The important property of the canonical form is that it can bereconstructed from the contents of each cycle without the brackets. Inaddition, by removing the brackets it can be considered as a linearrepresentation of a different permutation. In the example given abovethe permutation (2 4 3 0 1) would become (1 4 0 2 3). This mapping hasmany applications in the theory of permutations.
gsl_permutation_linear_to_canonical(gsl_permutation * q, const gsl_permutation * p)¶This function computes the canonical form of the permutation p andstores it in the output argument q.
gsl_permutation_canonical_to_linear(gsl_permutation * p, const gsl_permutation * q)¶This function converts a permutation q in canonical form back intolinear form storing it in the output argument p.
gsl_permutation_inversions(const gsl_permutation * p)¶This function counts the number of inversions in the permutationp. An inversion is any pair of elements that are not in order.For example, the permutation 2031 has three inversions, corresponding tothe pairs (2,0) (2,1) and (3,1). The identity permutation has noinversions.

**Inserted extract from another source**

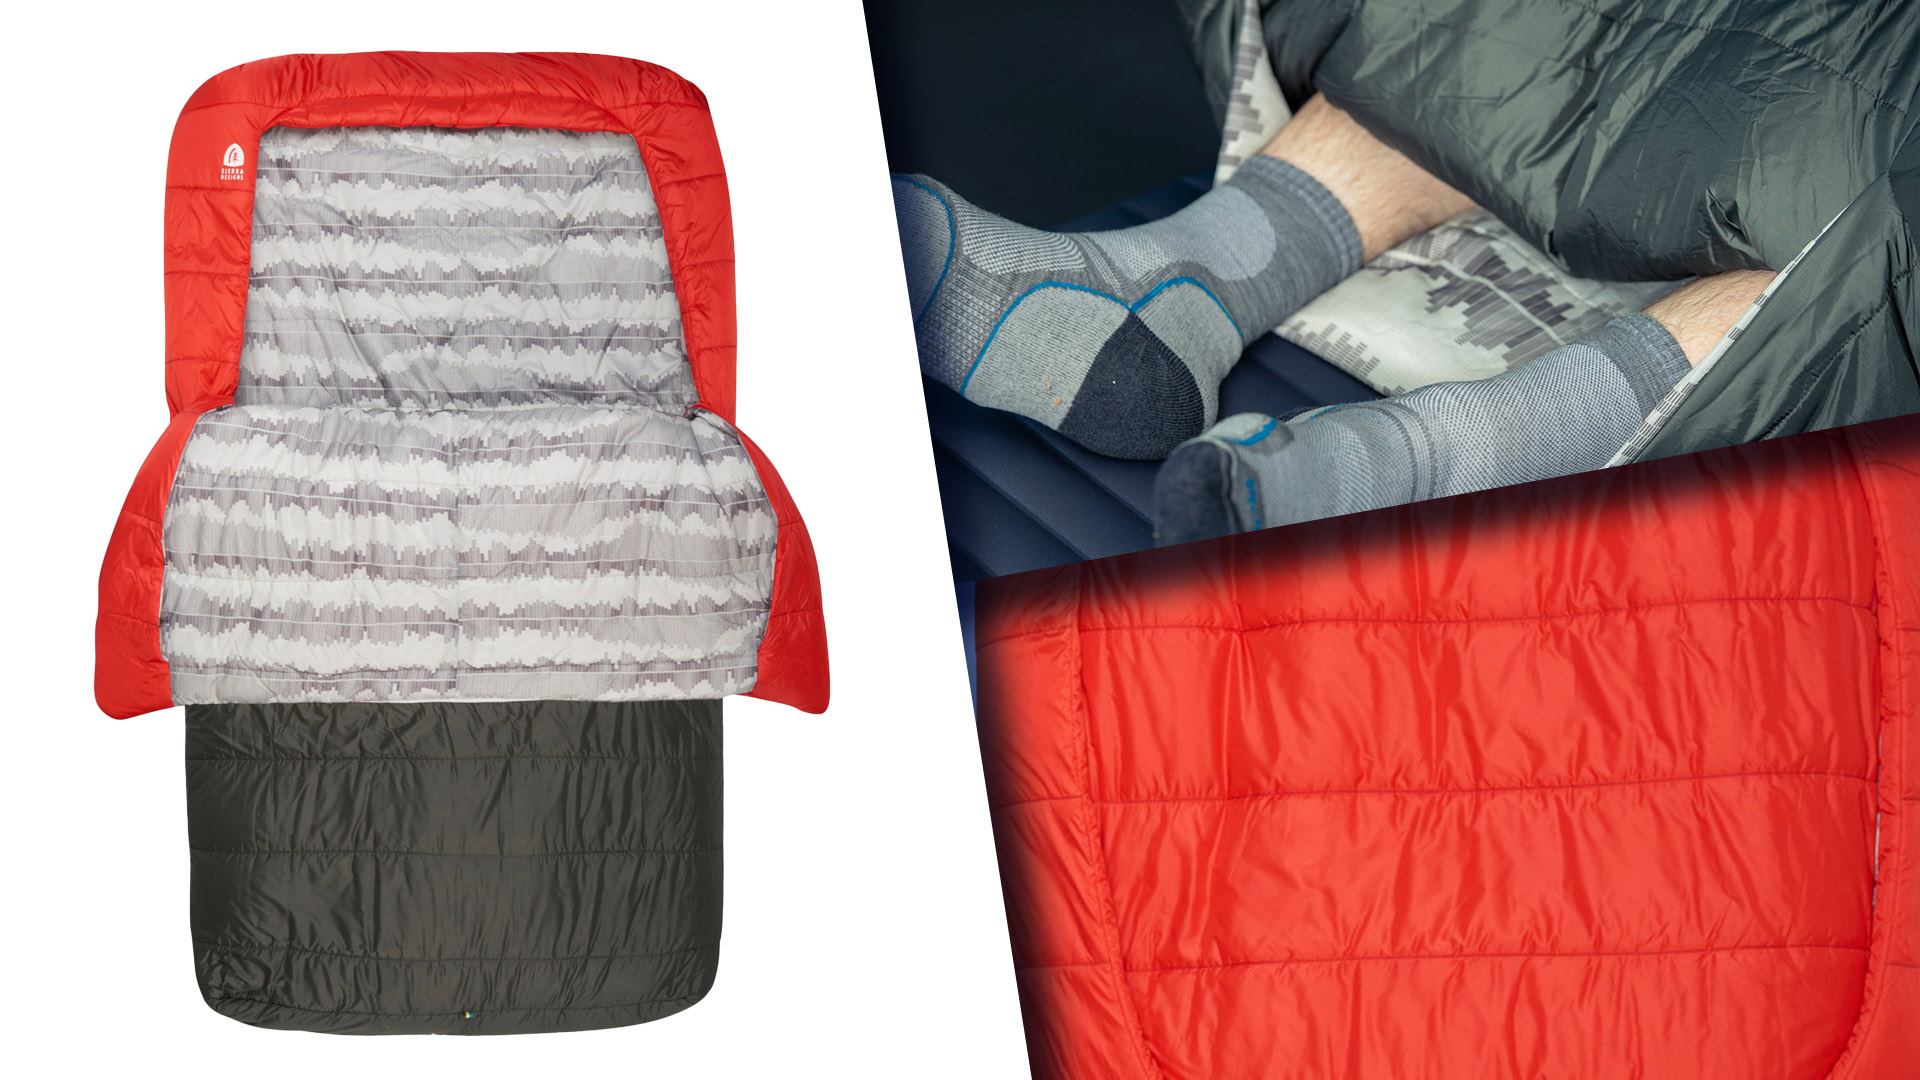 How to Choose Your Best Sierra Designs Sleep System: Sleeping Bags

gsl_permutation_linear_cycles(const gsl_permutation * p)¶This function counts the number of cycles in the permutation p Steermouse 5 3 3. , given in linear form.
gsl_permutation_canonical_cycles(const gsl_permutation * q)¶This function counts the number of cycles in the permutation q, given in canonical form.
Examples¶
The example program below creates a random permutation (by shuffling theelements of the identity) and finds its inverse.
Here is the output from the program:
The random permutation p[i] and its inverse q[i] arerelated through the identity p[q[i]]=i, which can be verifiedfrom the output.
The next example program steps forwards through all possible third orderpermutations, starting from the identity,
Here is the output from the program:
The permutations are generated in lexicographic order. To reverse thesequence, begin with the final permutation (which is the reverse of theidentity) and replace gsl_permutation_next() withgsl_permutation_prev().
References and Further Reading¶
The subject of permutations is covered extensively in the following,
Donald E. Knuth, The Art of Computer Programming: Sorting andSearching (Vol 3, 3rd Ed, 1997), Addison-Wesley, ISBN 0201896850.
For the definition of the canonical form see,
Donald E. Knuth, The Art of Computer Programming: FundamentalAlgorithms (Vol 1, 3rd Ed, 1997), Addison-Wesley, ISBN 0201896850.Section 1.3.3, An Unusual Correspondence, p.178–179.
Footnotes
In versions of the GNU C library prior to the ISO C99 standard,the type modifier Z was used instead.